В следующий раз Игорь принес заветный рулон и шикарно развернул его на полу, приперев по углам книгами. Огромный лист, метра два на три, был сверху донизу покрыт столбцами фонетических значков, взятых то в круглые, то в квадратные скобки и соединенных сложной паутиной стрелок, на которых, в свою очередь, были надписаны какие-то пояснения и уравнения. Как если бы этой подозрительной писанины было недостаточно, оборотная сторона представляла собой политическую карту Советского Союза.
– Что он, с ума сошел – писать такое на карте?! – вырвалось у меня.
– Понимаешь, Арончик нигде не мог достать большого листа, а карт в магазинах навалом. К тому же он начал эту таблицу, когда об отъездах ни слуху ни духу не было. Здесь годы работы.
– Да-да, и если вдуматься, ностратика и географическая карта буквально созданы друг для друга.
С этого дня каждому приходившему ко мне иностранцу я сначала читал небольшую лекцию о ностратике, заслугах Долгопольского и антисионистских настроениях советских таможенников, а затем выносил Аронов свиток.
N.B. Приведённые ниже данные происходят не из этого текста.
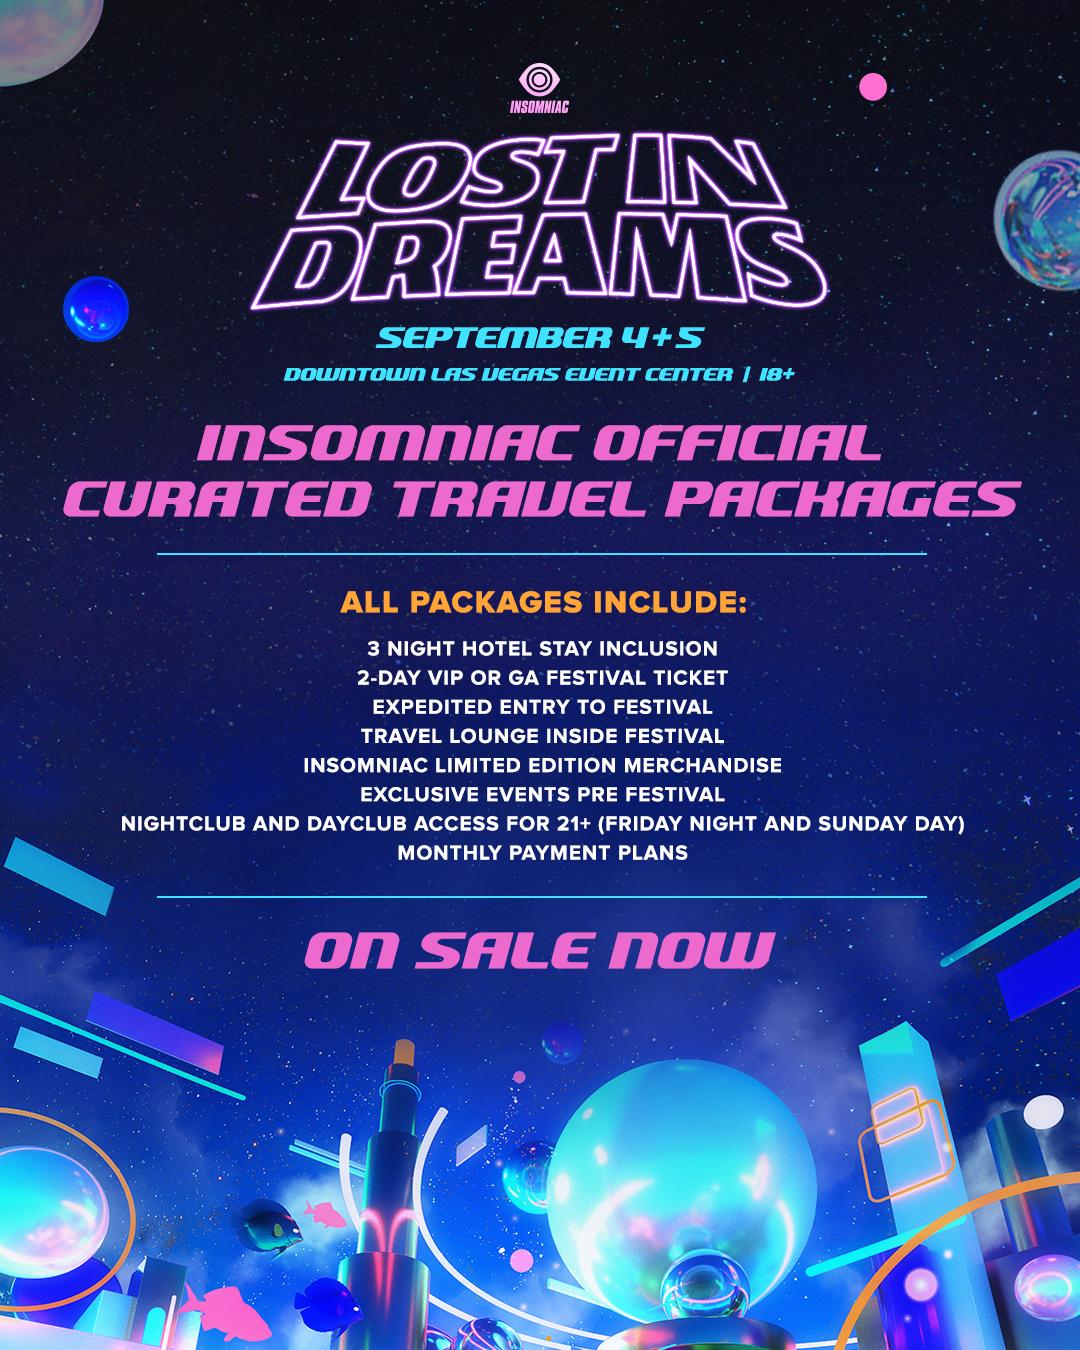 lost in dreams hotel packages

При виде шифрованной карты одни смущенно мялись, другие соглашались, но справедливо указывали на возможность конфискации. Я начал отчаиваться, когда на моем горизонте возник голландский профессор Ян Мейер (ныне покойный).
Мы не были знакомы, но как-то весной он позвонил, представился, похвалил одну из моих статей, был приглашен в гости и пришел, настояв на необычно раннем часе, что-то вроде пяти или шести вечера. Он оказался высоким, седым, краснолицым, очень симпатичным дядькой в черном костюме. Мы ели, пили, говорили о русской литературе (он преподавал в Утрехте, а жил, как я убедился, приехав через два года в Голландию, в Амстердаме), о только что вышедшей “Неоконченной пьесе для механического пианино” Никиты Михалкова (значит, год был 1976-й), об эмиграции, о том о сем. Среди прочего, Мейер сказал, что приехал с правительственной делегацией, в качестве эксперта по России при возглавляющем ее министре, – воспользовался удобным случаем, чтобы повидать русских коллег за государственный счет.